◆ Exercise data
=== Section Start ===

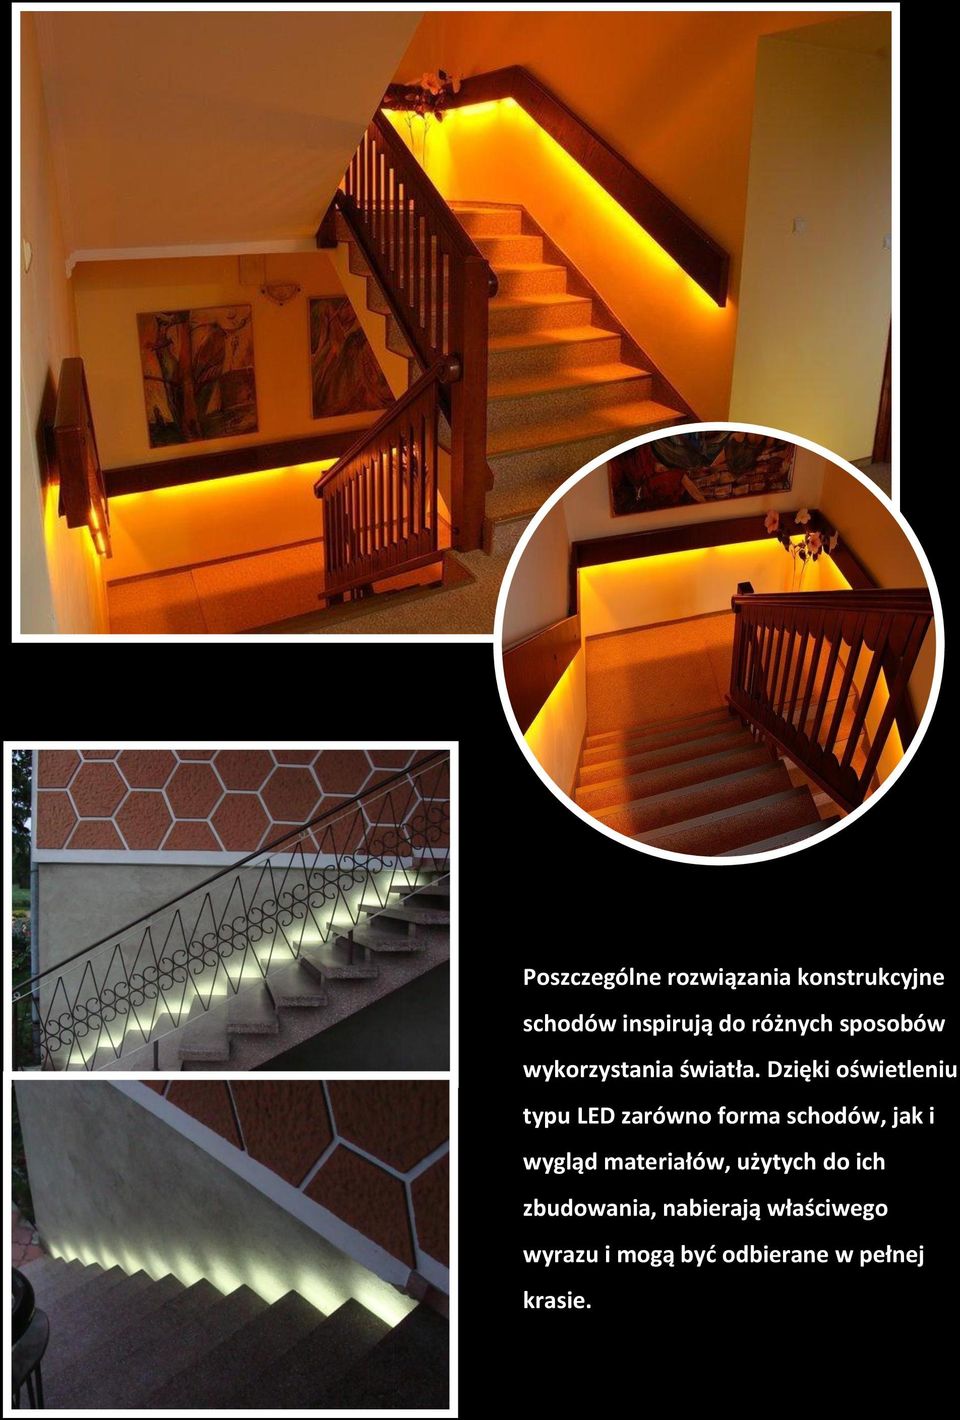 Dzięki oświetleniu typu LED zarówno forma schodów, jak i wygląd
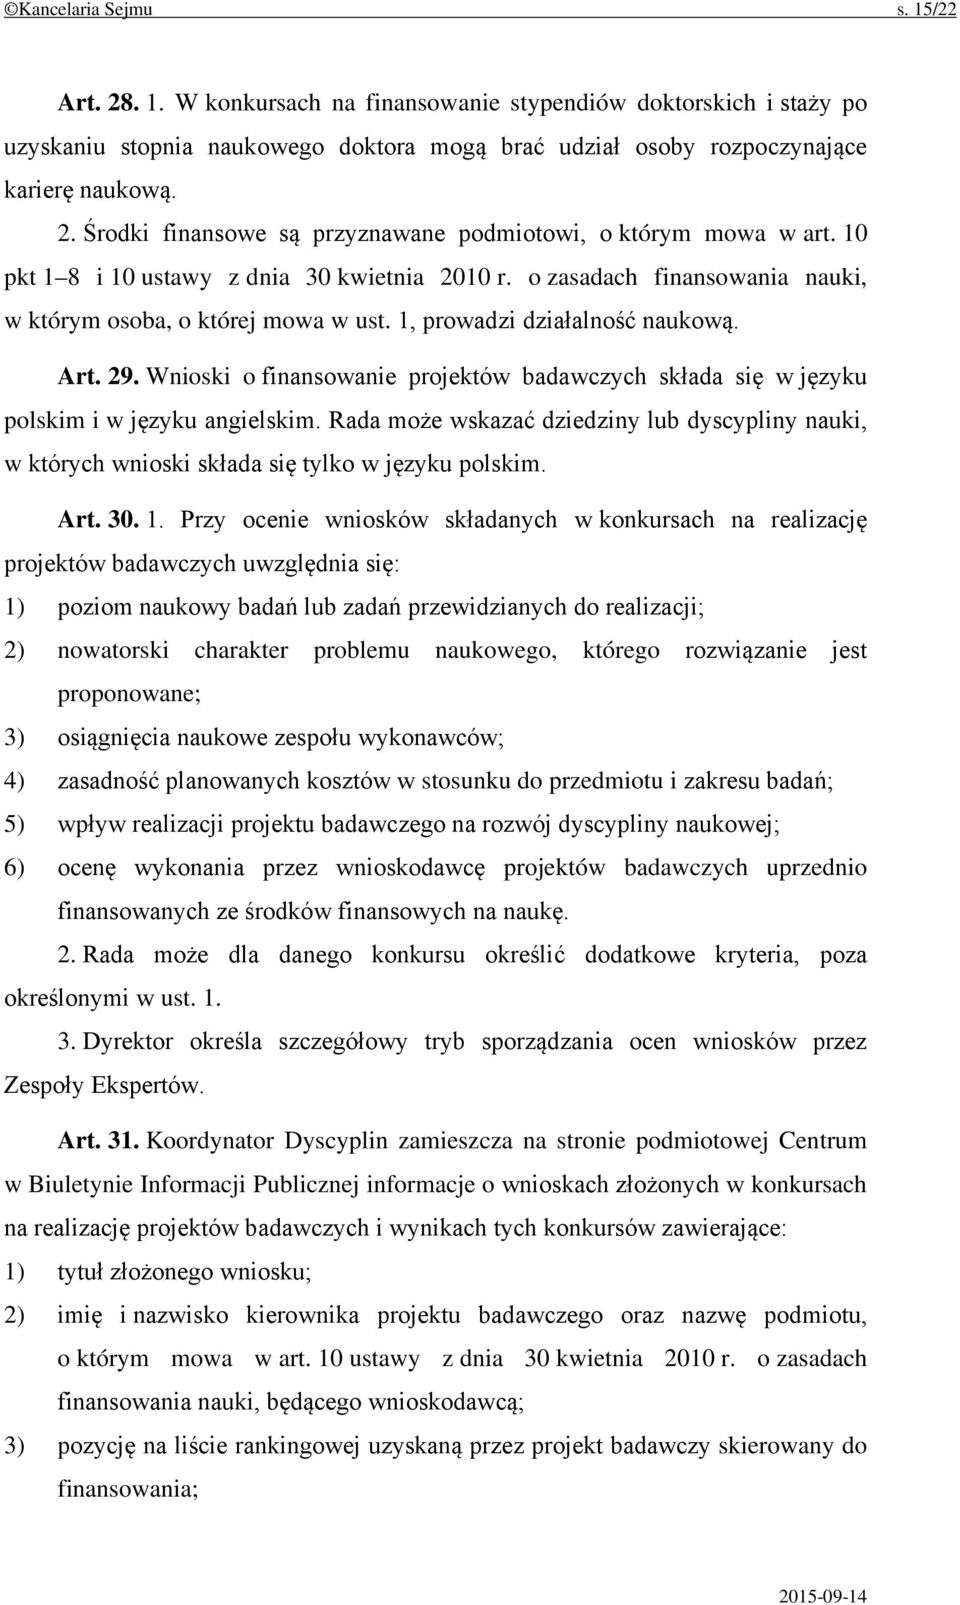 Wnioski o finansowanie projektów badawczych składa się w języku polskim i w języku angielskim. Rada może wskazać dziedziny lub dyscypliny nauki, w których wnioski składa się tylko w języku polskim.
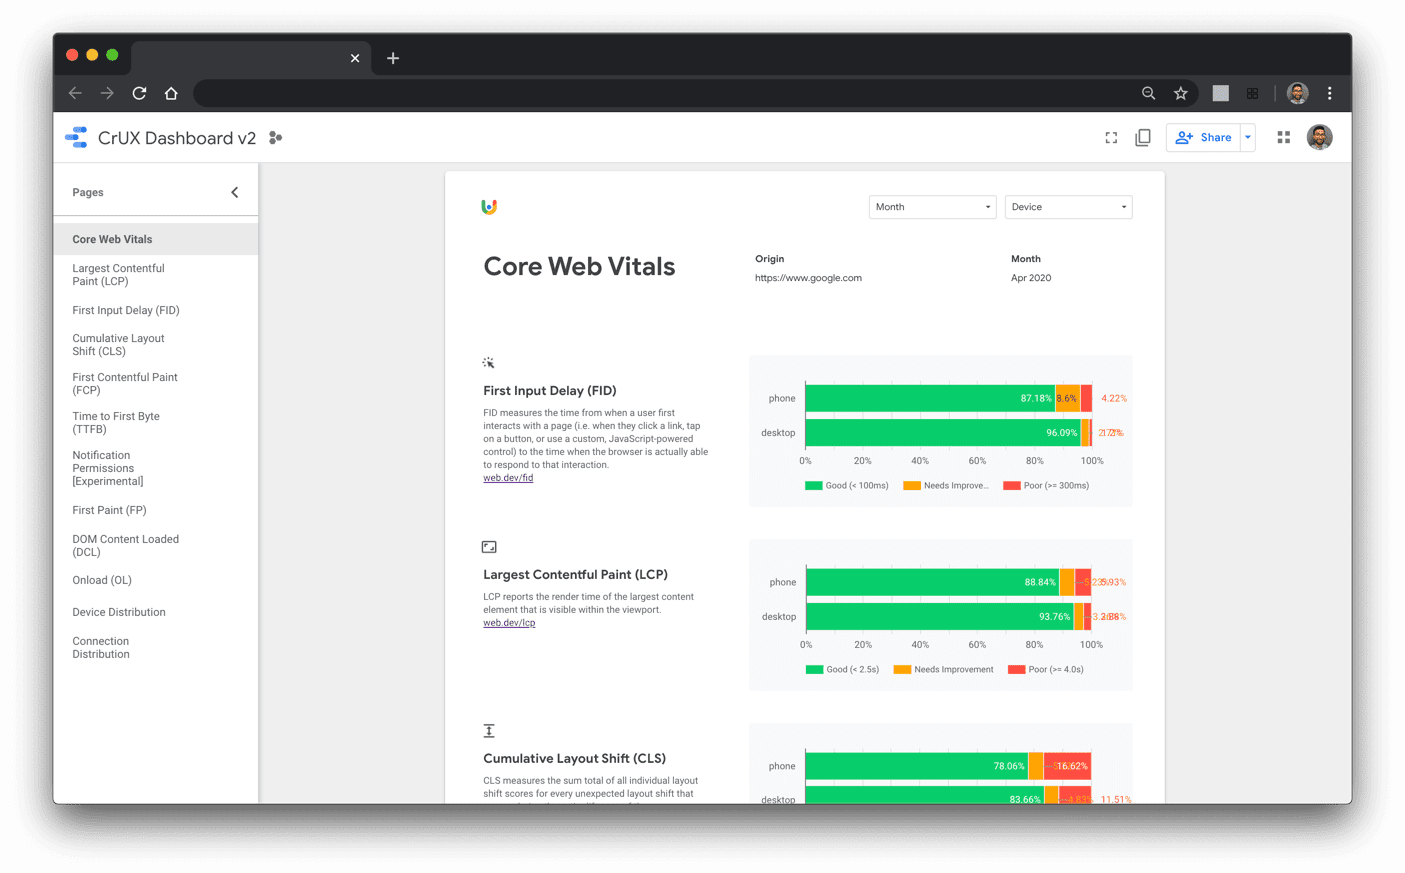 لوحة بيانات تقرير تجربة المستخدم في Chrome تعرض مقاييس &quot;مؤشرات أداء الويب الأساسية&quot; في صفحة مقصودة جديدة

=== Section End ===

◆ Task
Reproduce the material word for word. Any pictures should be left out of the copy.

◆ Result for this exercise
 Dzięki oświetleniu typu LED zarówno forma schodów, jak i wygląd
 Wnioski o finansowanie projektów badawczych składa się w języku polskim i w języku angielskim. Rada może wskazać dziedziny lub dyscypliny nauki, w których wnioski składa się tylko w języku polskim.
 لوحة بيانات تقرير تجربة المستخدم في Chrome تعرض مقاييس &quot;مؤشرات أداء الويب الأساسية&quot; في صفحة مقصودة جديدة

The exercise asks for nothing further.